MALUKU UTARA — Paket Trailhunter pada Tundra 2027 bukan sekadar stiker dan velg doang. Toyota benar-benar menyematkan komponen serius untuk medan berat. Basisnya tetap SR5—trim satu tingkat di atas entry-level SR—yang sudah punya trailer-brake controller dan mode Tow/Haul. Dari sana, Toyota menambahkan suspensi Old Man Emu, ban Michelin LTX Trail 265/70R-18, pelindung bawah yang diperkuat, serta recovery hook depan.
Mesin Tetap V6 Twin-Turbo 389 HP, Hibrida Tidak Kebagian Paket Ini
Karena Trailhunter dibangun di atas SR5, opsi mesin yang tersedia adalah 3.4 liter V6 twin-turbo bertenaga 389 hp. Varian hibrida i-Force Max dengan 437 hp memang lebih bertenaga, tapi tidak bisa dipadukan dengan paket Trailhunter. Ini keputusan yang cukup membingungkan—tenaga besar justru tidak dapat upgrade suspensi dan proteksi bawah yang optimal untuk off-road.
Untuk pengendalian di medan sulit, Toyota menyertakan locking rear differential, Multi-Terrain Select, dan Crawl Control. Fitur-fitur ini sudah teruji di Tacoma Trailhunter dan membantu traksi di bebatuan, pasir, atau tanjakan curam. Tapi perlu diingat: bobot Tundra yang besar tetap jadi tantangan di jalur sempit atau berlumpur ekstrem.
Desain Depan Lebih Kotak, Layar 14 Inci Kini Standar
Untuk model year 2027, Tundra mendapat facelift di bagian depan. Gril lebih kotak dan bumper bawah lebih tegas—mirip bahasa desain Tacoma terbaru. Velg bronze khusus Trailhunter dan lencana di eksterior-interior jadi pembeda. Di dalam kabin, layar sentuh 14,0 inci kini standar di semua varian, menjalankan sistem infotainment terbaru yang sudah termasuk dash cam built-in. Fitur keselamatan juga diperbarui, dan Toyota mengklaim light bar depan kini lebih terang untuk visibilitas malam hari.
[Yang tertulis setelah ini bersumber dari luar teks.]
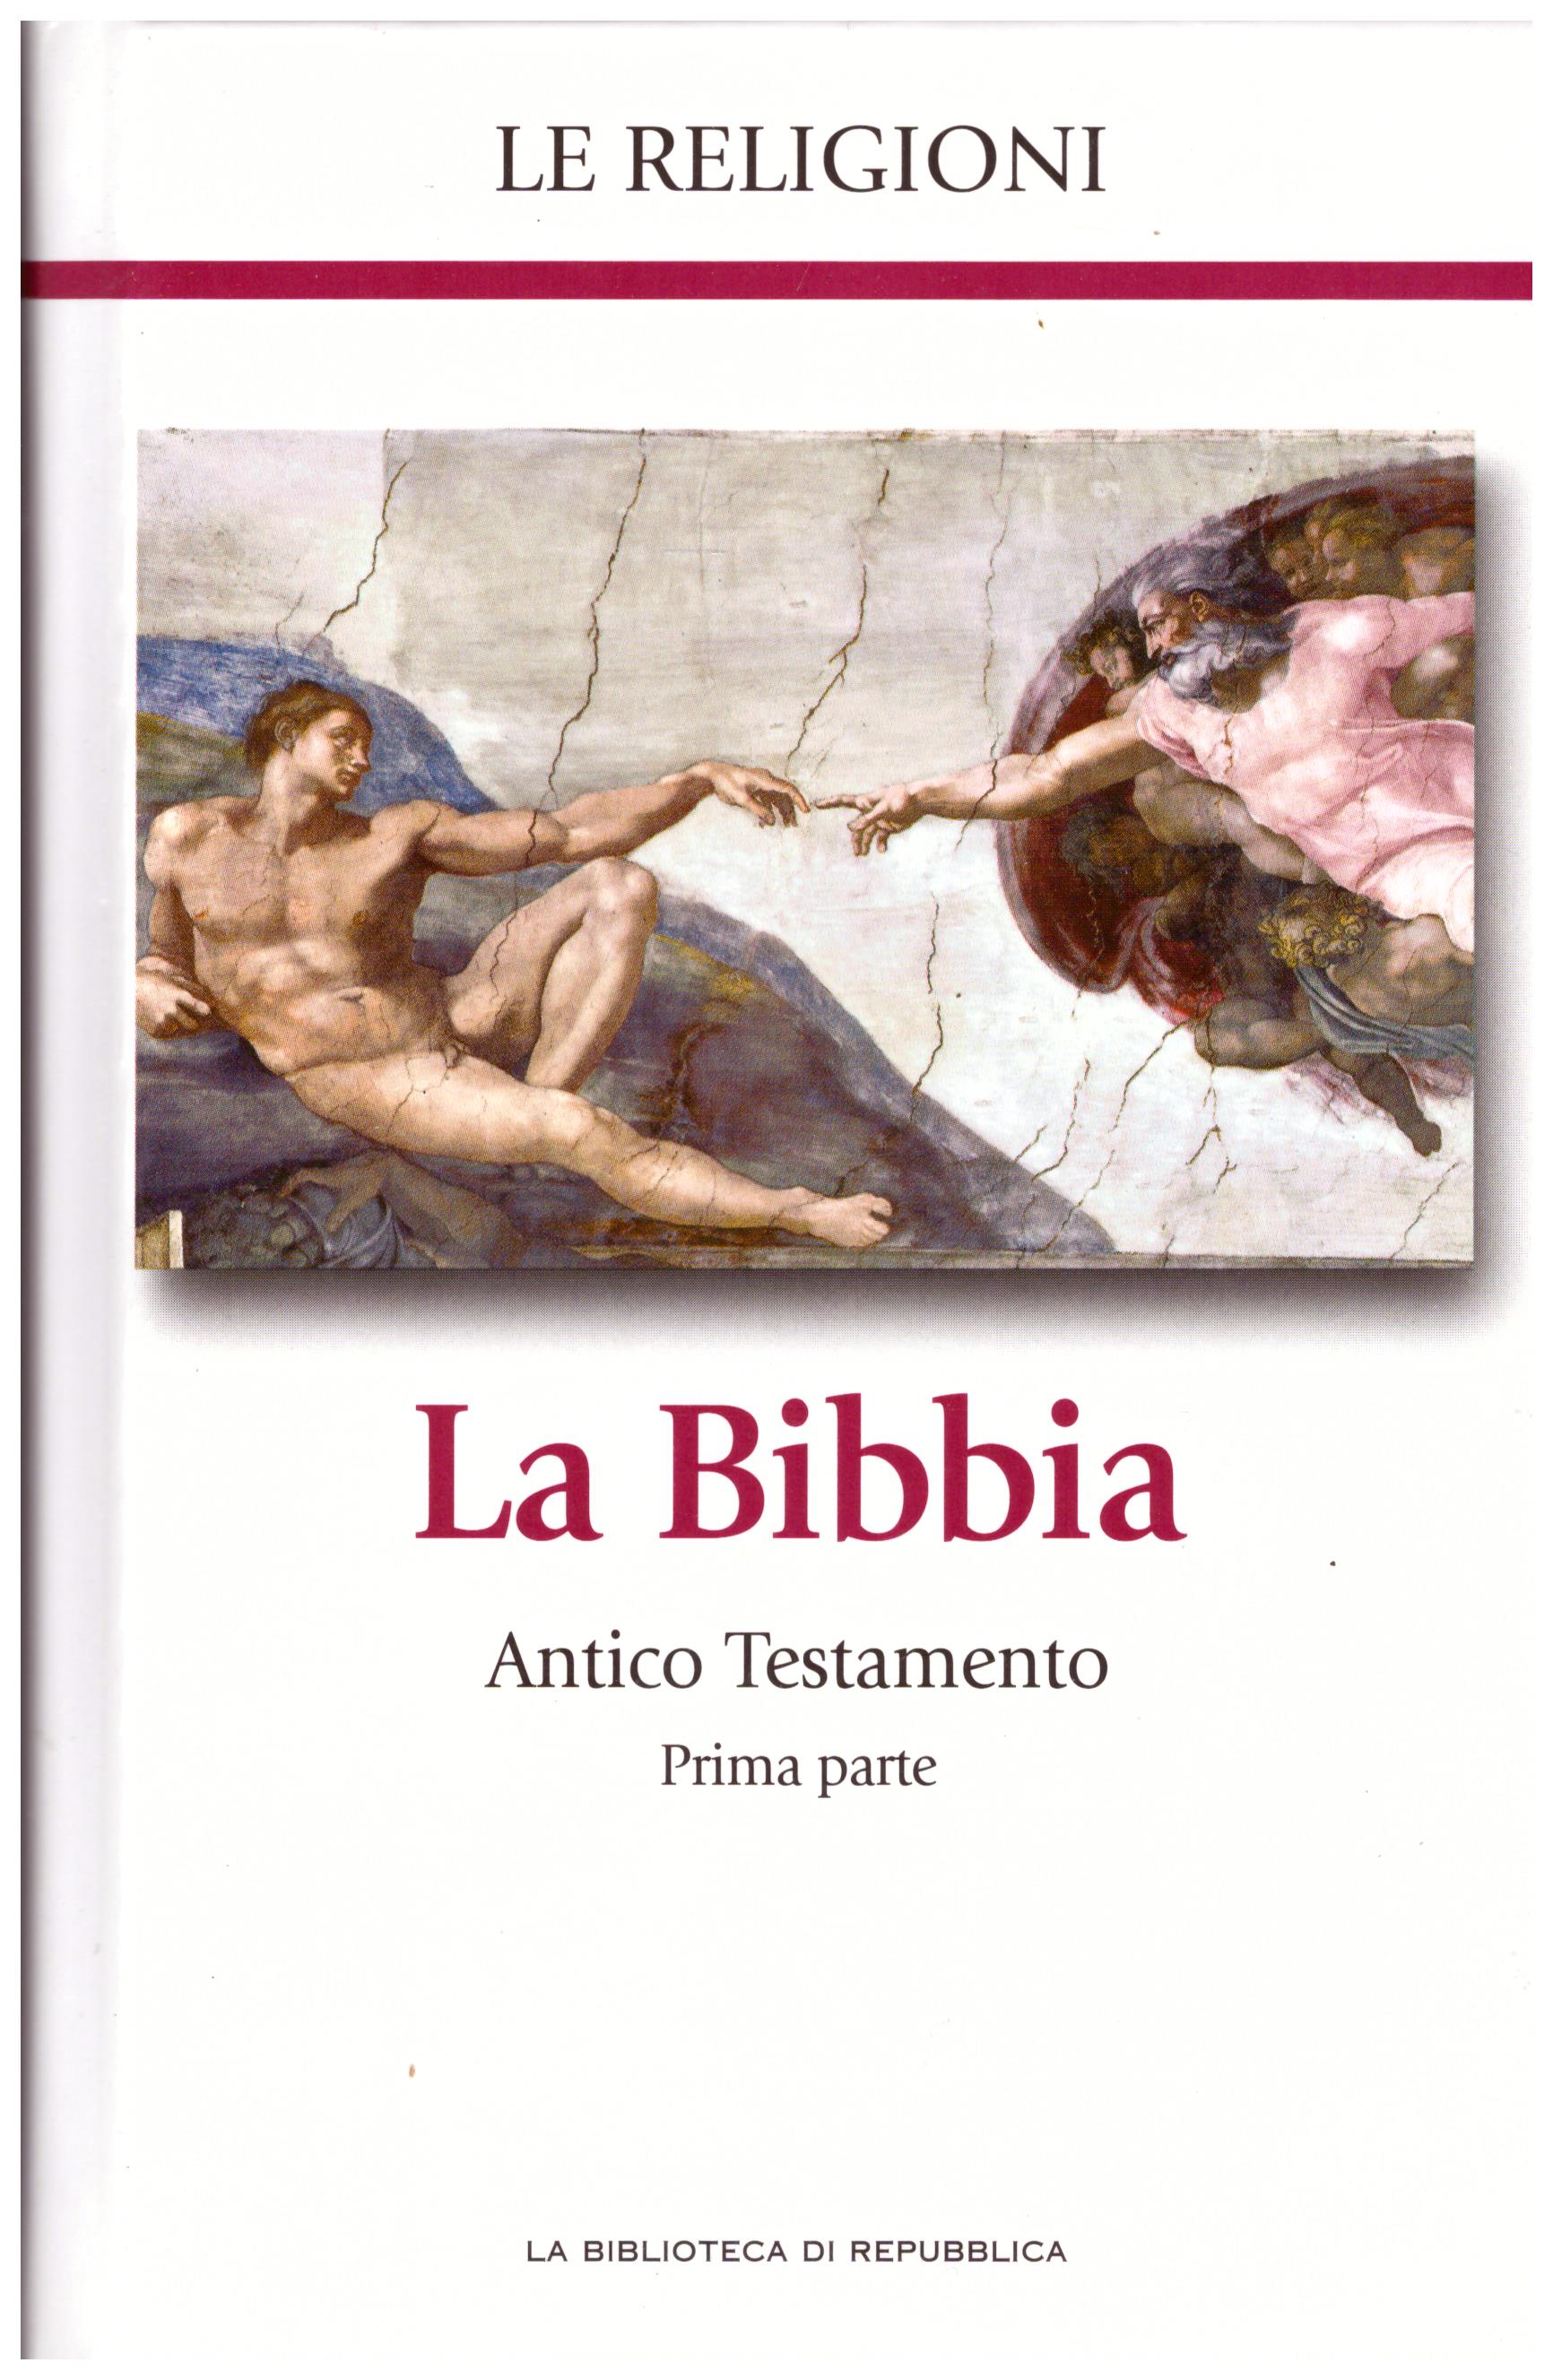 Titolo: Le religioni, La Bibbia Antico testamento prima parte N.1      Autore: AA.VV, la biblioteca di Repubblica     Editore: Piemme

Harga Ekspektasi dan Posisi di Pasar Indonesia
Belum ada harga resmi untuk 2027 Tundra Trailhunter, tapi sebagai patokan, Tundra SR5 2026 dibanderol mulai USD 48.705. Dengan tambahan paket Trailhunter, estimasi harga tembus di atas USD 50.000—atau sekitar Rp 800 jutaan jika masuk Indonesia via jalur importir umum. Pesaing langsungnya di kelas full-size off-road adalah Ford F-150 Raptor dan Ram 1500 Rebel. Bedanya, Trailhunter lebih fokus pada durabilitas dan kemampuan teknis, bukan kecepatan di gurun.
Kekurangan yang Perlu Dipertimbangkan
- Mesin non-hibrida saja: penggemar tenaga besar harus pilih varian lain dan kehilangan paket off-road ini.
- Bobot besar: Tundra tetap truck full-size, kurang lincah di trail sempit dibanding Tacoma Trailhunter.
- Harga belum pasti: jika masuk Indonesia, ongkos kirim dan pajak bisa membuatnya lebih mahal dari ekspektasi.
- Interior minim perubahan: selain layar 14 inci, kabin masih sama seperti Tundra generasi sebelumnya—kurang mewah dibanding kompetitor segini harga.
Toyota akan mengumumkan detail harga dan spesifikasi lengkap akhir tahun ini. Untuk sekarang, Trailhunter adalah opsi paling terjangkau untuk off-road serius di keluarga Tundra, asal Anda tidak keberatan dengan pilihan mesin yang terbatas dan dimensi yang besar.